Introduction: Treated, but uncontrolled hypertension is a worldwide challenge. Exploring patient's perspective in different cultures and contexts could contribute to a more comprehensive understanding of poor blood pressure (BP) control. This study aimed in investigating patients' knowledge and attitudes towards BP management in order to identify possible barriers in achieving effective control.

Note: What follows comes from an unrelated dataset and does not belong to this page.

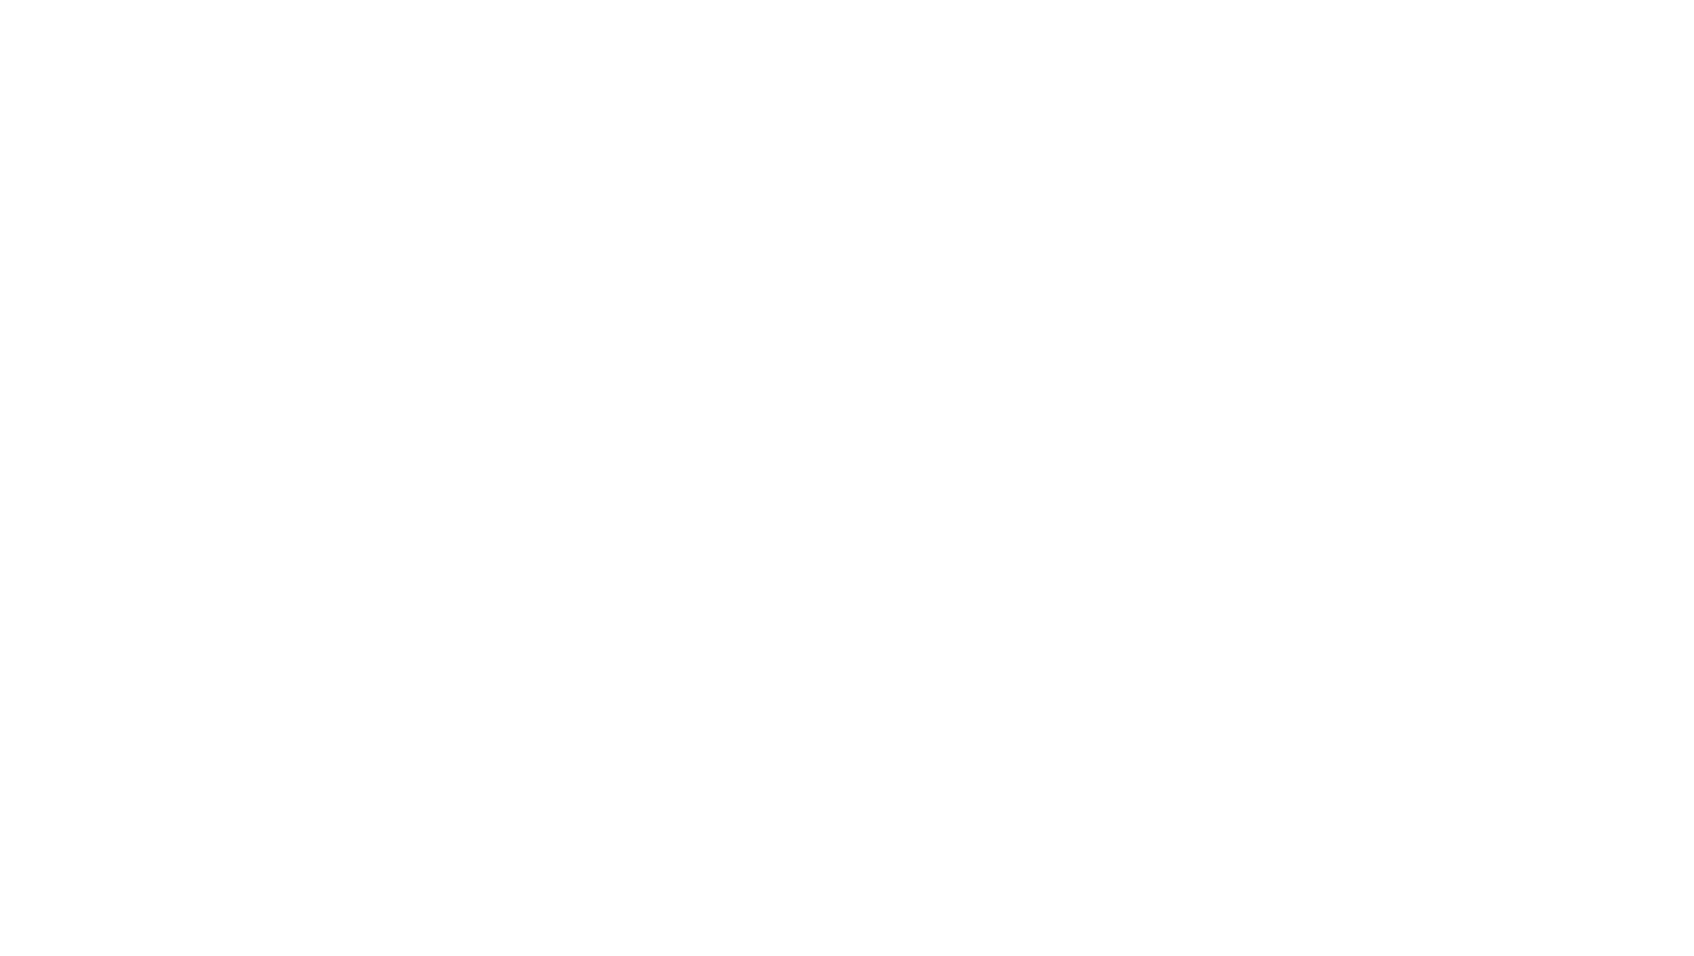 Logo Santé publique France

Methods: A mixed-methods study- using both quantitative and qualitative research methodology- was conducted by twelve general practitioners- working in rural areas- in five different prefectures in Greece. A 42-item, pre-tested questionnaire was completed by the hypertensive patients that visited the practices and were included among the 20 first patients for 20 consecutive working days. The included participants were patients: a) with diagnosed hypertension who received BP-lowering medication, b) aged over 18 years old, c) in physical and mental condition that allowed the conduction of the interview, d) with adequate understanding of the Greek language, e) who provided signed informed consent. The open-ended questions used to identify the patient-related barriers in hypertension control were analyzed using thematic content analysis.

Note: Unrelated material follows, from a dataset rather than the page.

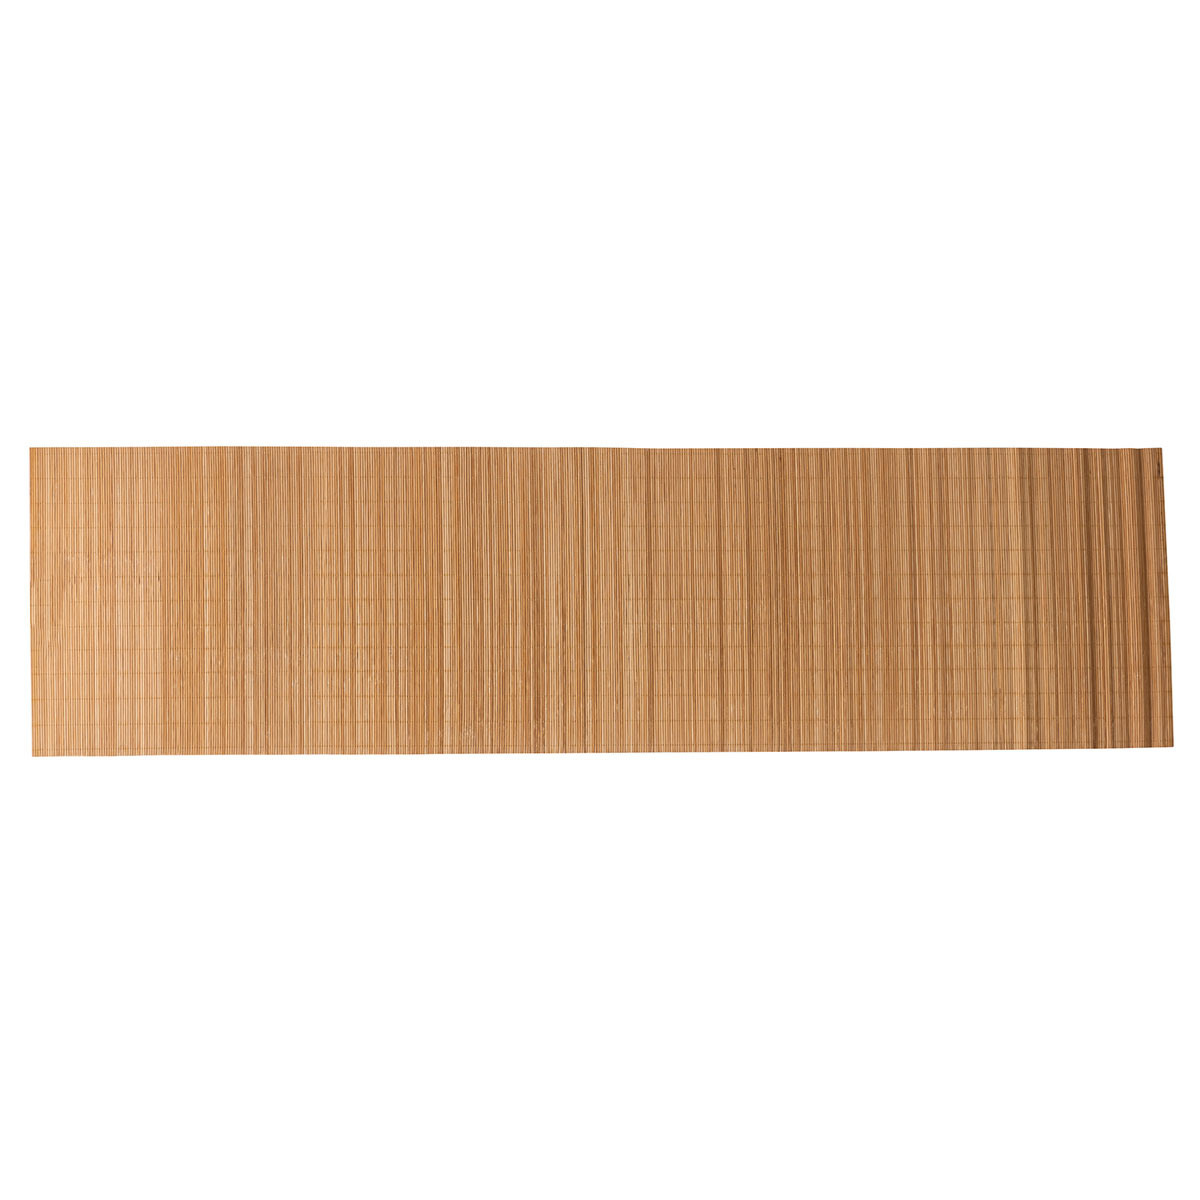 Τραβέρσα (37×140) S-D Bamboo 194925 275545

Results: A total of 613 hypertensive patients were recruited (response rate 91%); mean age was 71.5 years old (SD 9.4, range: 34-100) and 39.5% (242) were male. Uncontrolled BP was found in 41.3% (253), out of which 67.6% (171) considered their BP controlled, 18.6% (47) uncontrolled, while 13.8% (35) were unaware of their status. Women were more likely to achieve BP control (OR 1.44, 95% CI 1.04, 2.00). As many as 287 (46.8%) patients knew the optimal values for BP. The identified barriers in hypertension control were grouped in the six themes: 1. Knowledge gaps, 2. Intolerance of adverse events, 3. Negligence, 4. Unmet individual preferences, 5. Financial barriers and 6. Overtreatment of hypertension.

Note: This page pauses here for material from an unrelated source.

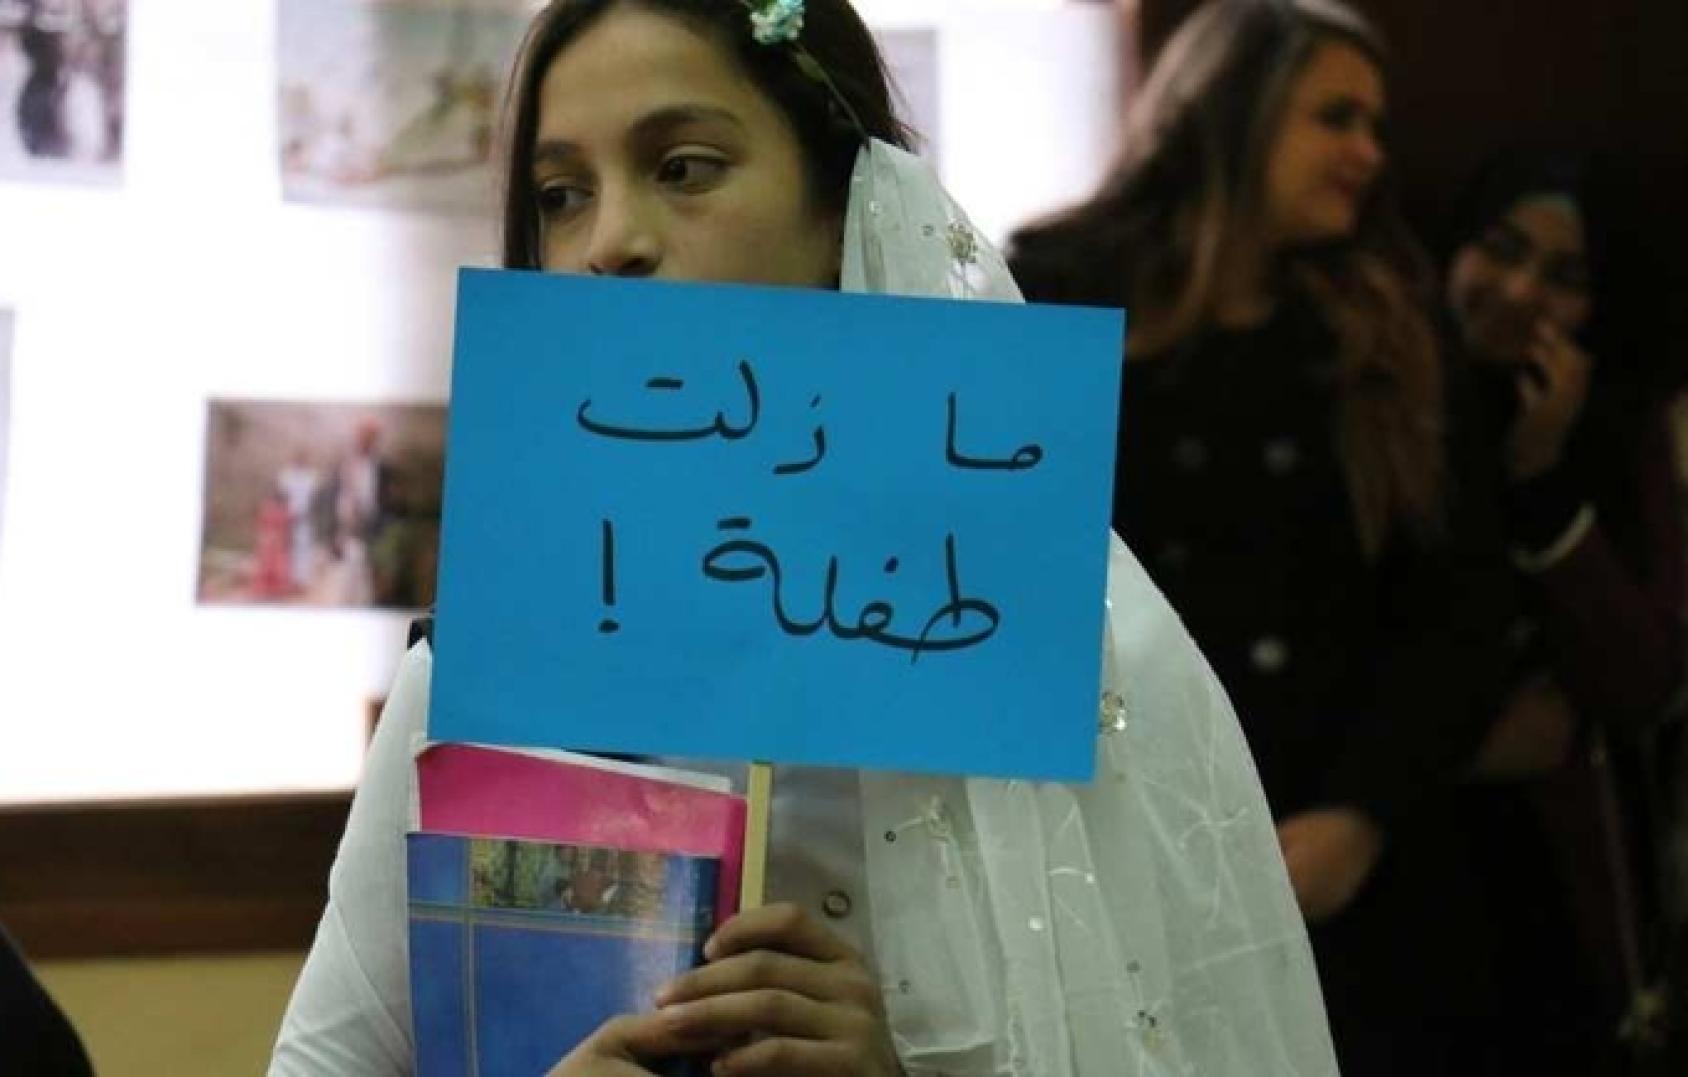 فتاة صغيرة ترتدي فستان زفاف وتحمل لافتة كتب عليها: ما زلت طفلة.

Conclusion: Physicians should be aware of the possible disconnection between their patient's perceived and actual BP control, with often overestimation of BP control rates and the lack of knowledge on targeted BP level. They should bear in mind that covering their patients' knowledge gaps is essential in empowering them to get more actively involved in the management of their chronic condition. Simultaneously, physicians should aim in eliciting each patient's attitudes, concerns about adverse events, individual preferences, as well as possible financial barriers and negligence in an effort to actually see the antihypertensive treatment "thought their patients’ eyes" and eliminate possible barriers in medication adherence. The provision of patient-centered care remains the gold pathway to eliminate patient-related barriers and achieve higher levels of BP control.